Postscript to Dance in Vienna

This is a postscript to Part 1 of the historical series completed yesterday. This was originally a very long footnote to the first sentence: “What Schubert found when he began composing waltzes about 1812 was not a simple, innocent country dance, as it is sometimes portrayed in an attempt to put as much distance between mass art and high art as possible.”

The literature has many examples of the damage done to style studies of nineteenth century and twentieth century music when mass art is ignored, but Leonard Meyer offers a particularly egregious instance that makes the point with unusual clarity. Meyer examines "the fortunes of the cadential 6/4 progression[,] tracing its rise and demise" (250). In the course of this, he points to the familiar notion of Romantic ideology as favoring the anti-conventional, and thus he says, quite plausibly, that Romantic values, which favored endings that are "gradual, continuous, and open," militate against such a clichéd and emphatic ending gesture as the cadential 6/4:
The very sonic salience that made the cadential 6/4 progression such a forceful signal made it seem routine and commonplace–a bit blatant. This is one reason why, as the years passed, the cadential 6/4 progression was less and less frequently chosen by composers (248).
Meyer's statistics come from pieces included in The Norton Scores anthology (a pedagogical collection), and his conclusions, although broadly correct for the repertoires involved (if one ignores Brahms and Bizet), are nevertheless useless as generalizations about all the musics of the period concerned. Meyer claims that, by the last quarter of the nineteenth century, "[t]he cadential 6/4 progression . . . continued to be used in popular music and in the music of somewhat conventional composers" (250). It was employed "by composers of a more adventurous kind" only for special purposes.

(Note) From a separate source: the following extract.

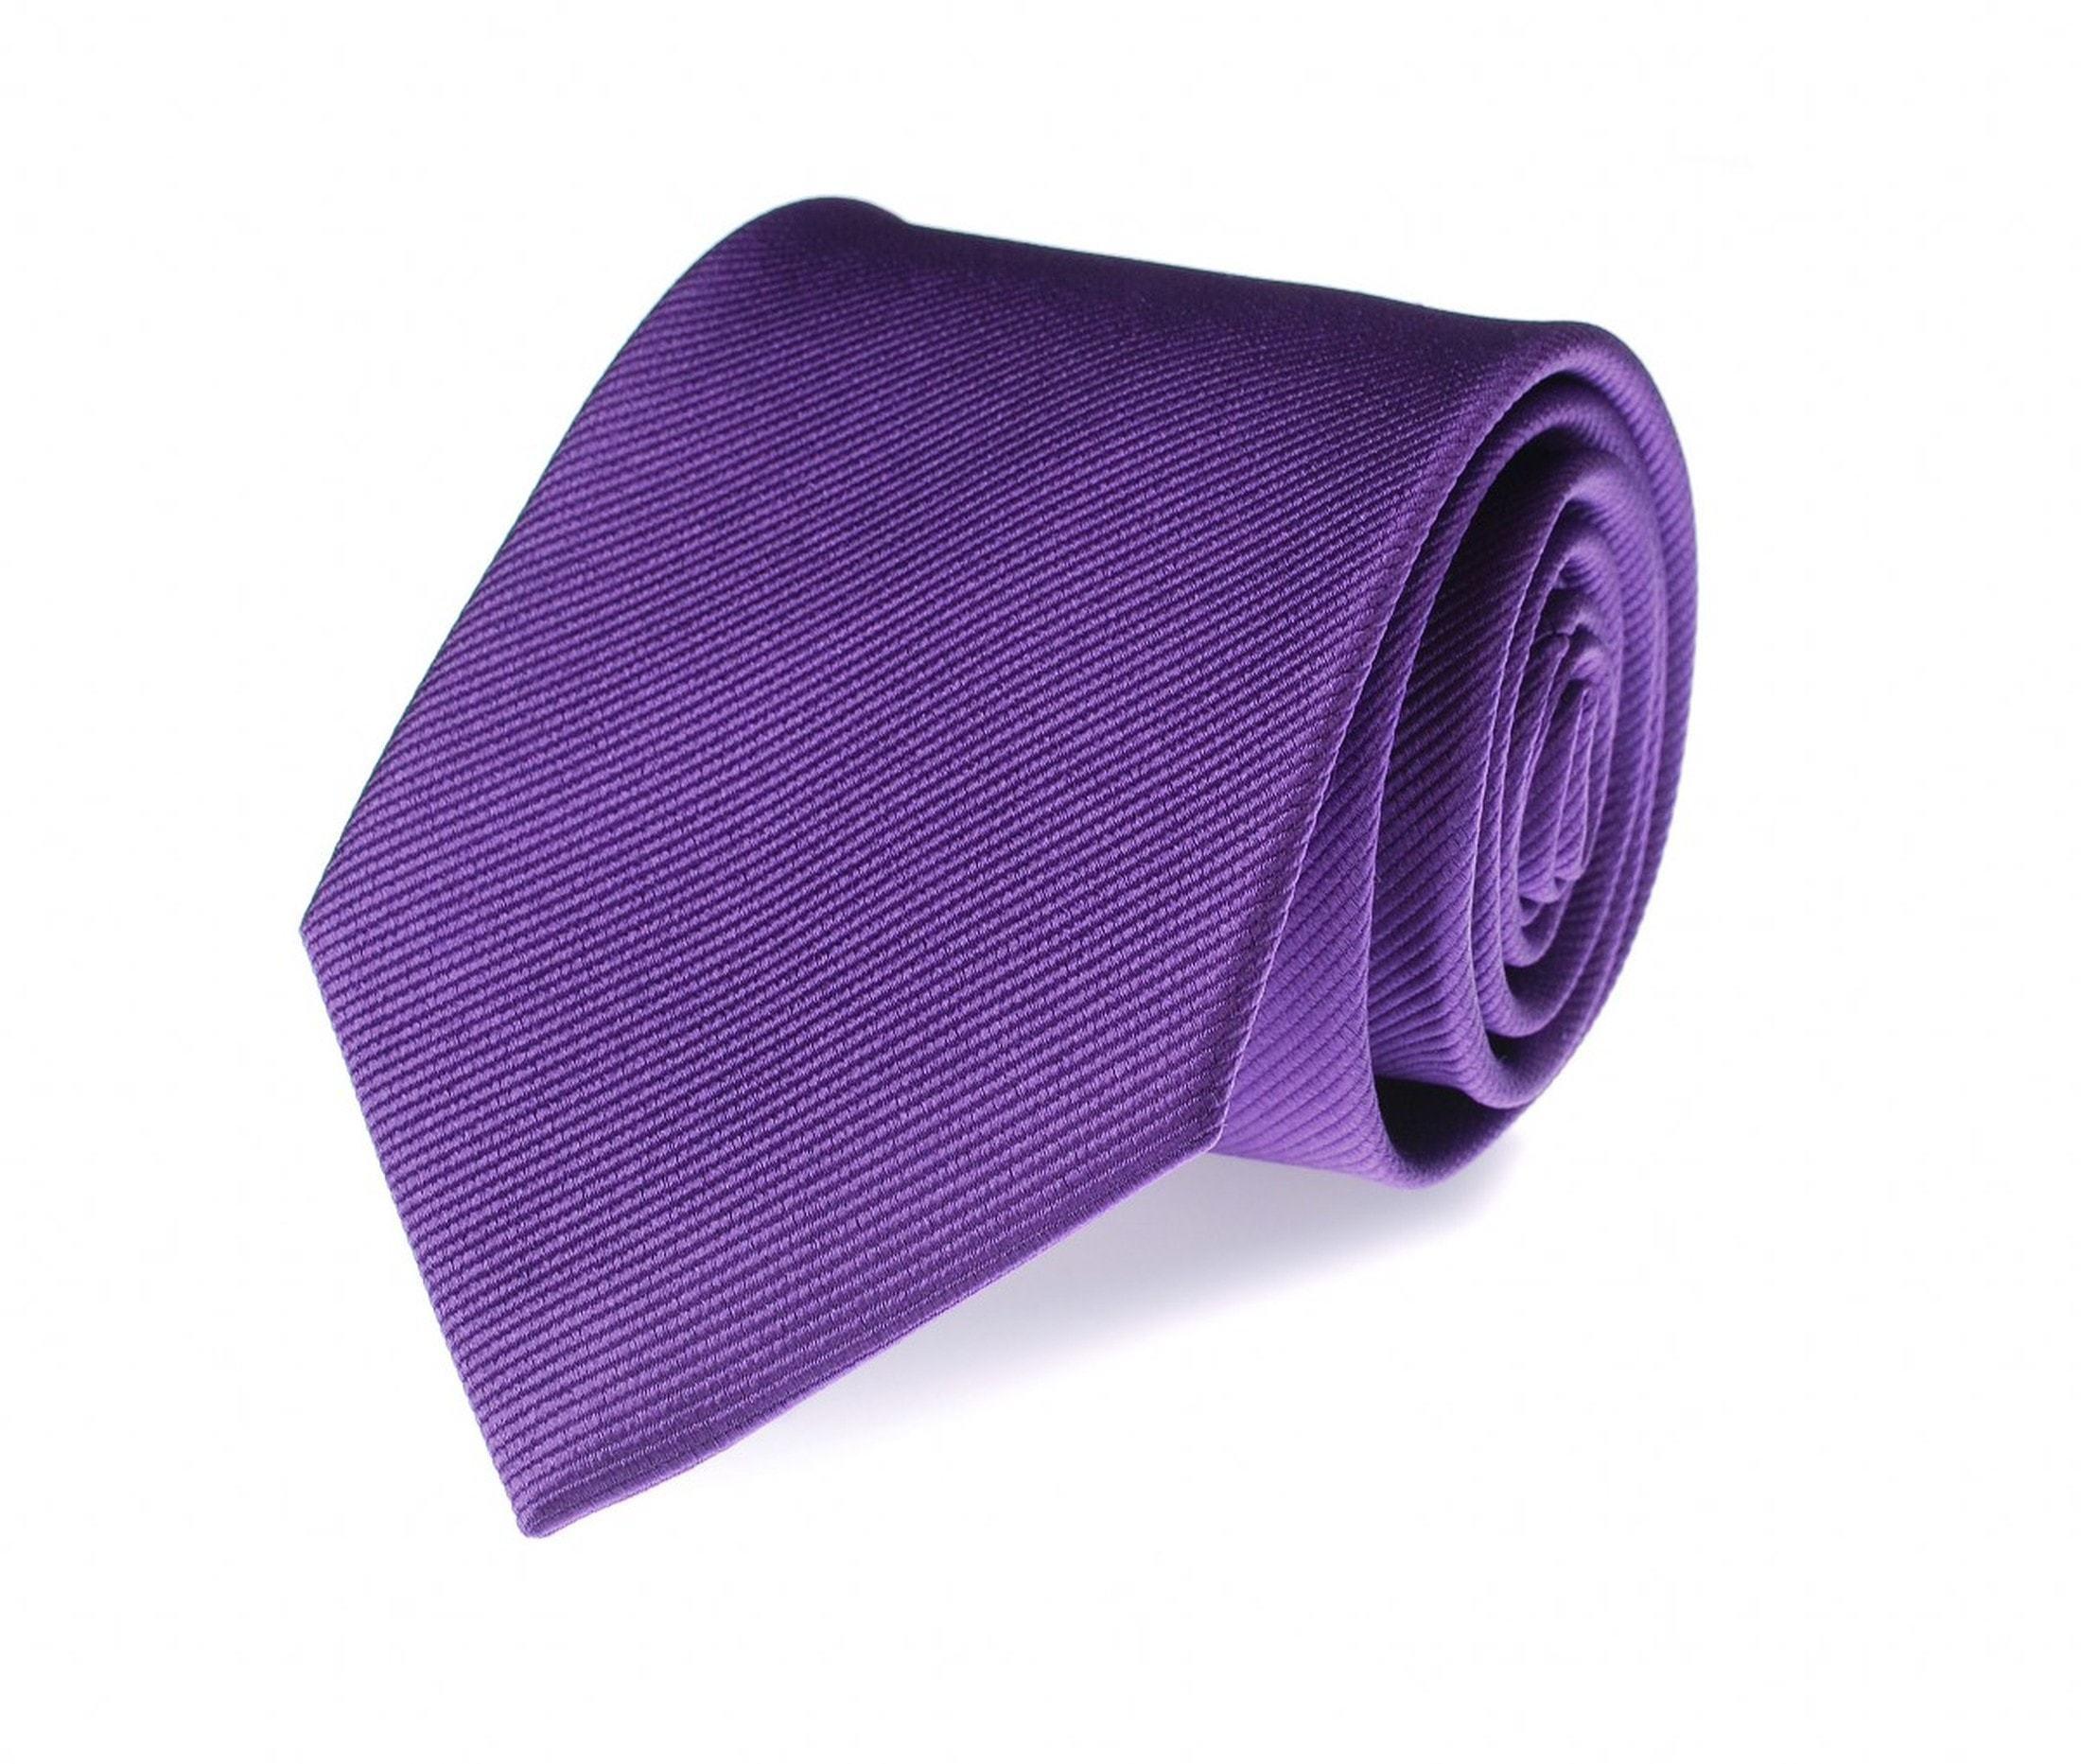 Krawatte Lila Seide Uni F30 foto 0

It is true that Johann Strauss, jr., for one, was quite fond of the cadential 6/4 (and often displayed it prominently, stretched over several bars): my own quick survey shows that the ten strains in five waltzes use this chord 4, 8, and 6 times, respectively, in opuses 314, 325, and 340. Schubert, on the other hand, rarely used it in his dances: for example, in the waltzes of D. 779, nine times in 68 strains; in D. 681, only once in 16 strains; in the ecossaises of D. 421, 511, and 529 combined, ten times in 30 strains; in D. 781, three times in 22 strains. Johann Strauss, sr., was equally disdainful of the cadential 6/4: there are twelve appearances in the forty strains of opuses 201, 213, 218, and 230, combined. Josef Lanner was even more parsimonious: six appearances in sixty strains for the five opuses 19, 20, 40, 42, and 46.

Thus the dance repertoire completely upends Meyer's claim: in fact, the Romantic "extinction" of the 6/4 had already occurred in this popular music by the early 1820s. The chord had to be restored in the music of the mid-century, in the case of the younger Strauss, probably because of the space provided by longer sixteen and thirty-two bar strains, but equally also because of the greater volume and dramatic effect, useful in music for the larger orchestras and venues for which Strauss normally composed.

Reference:
Meyer, Leonard B. The Spheres of Music: A Gathering of Essays. Chicago: University of Chicago Press, 2000.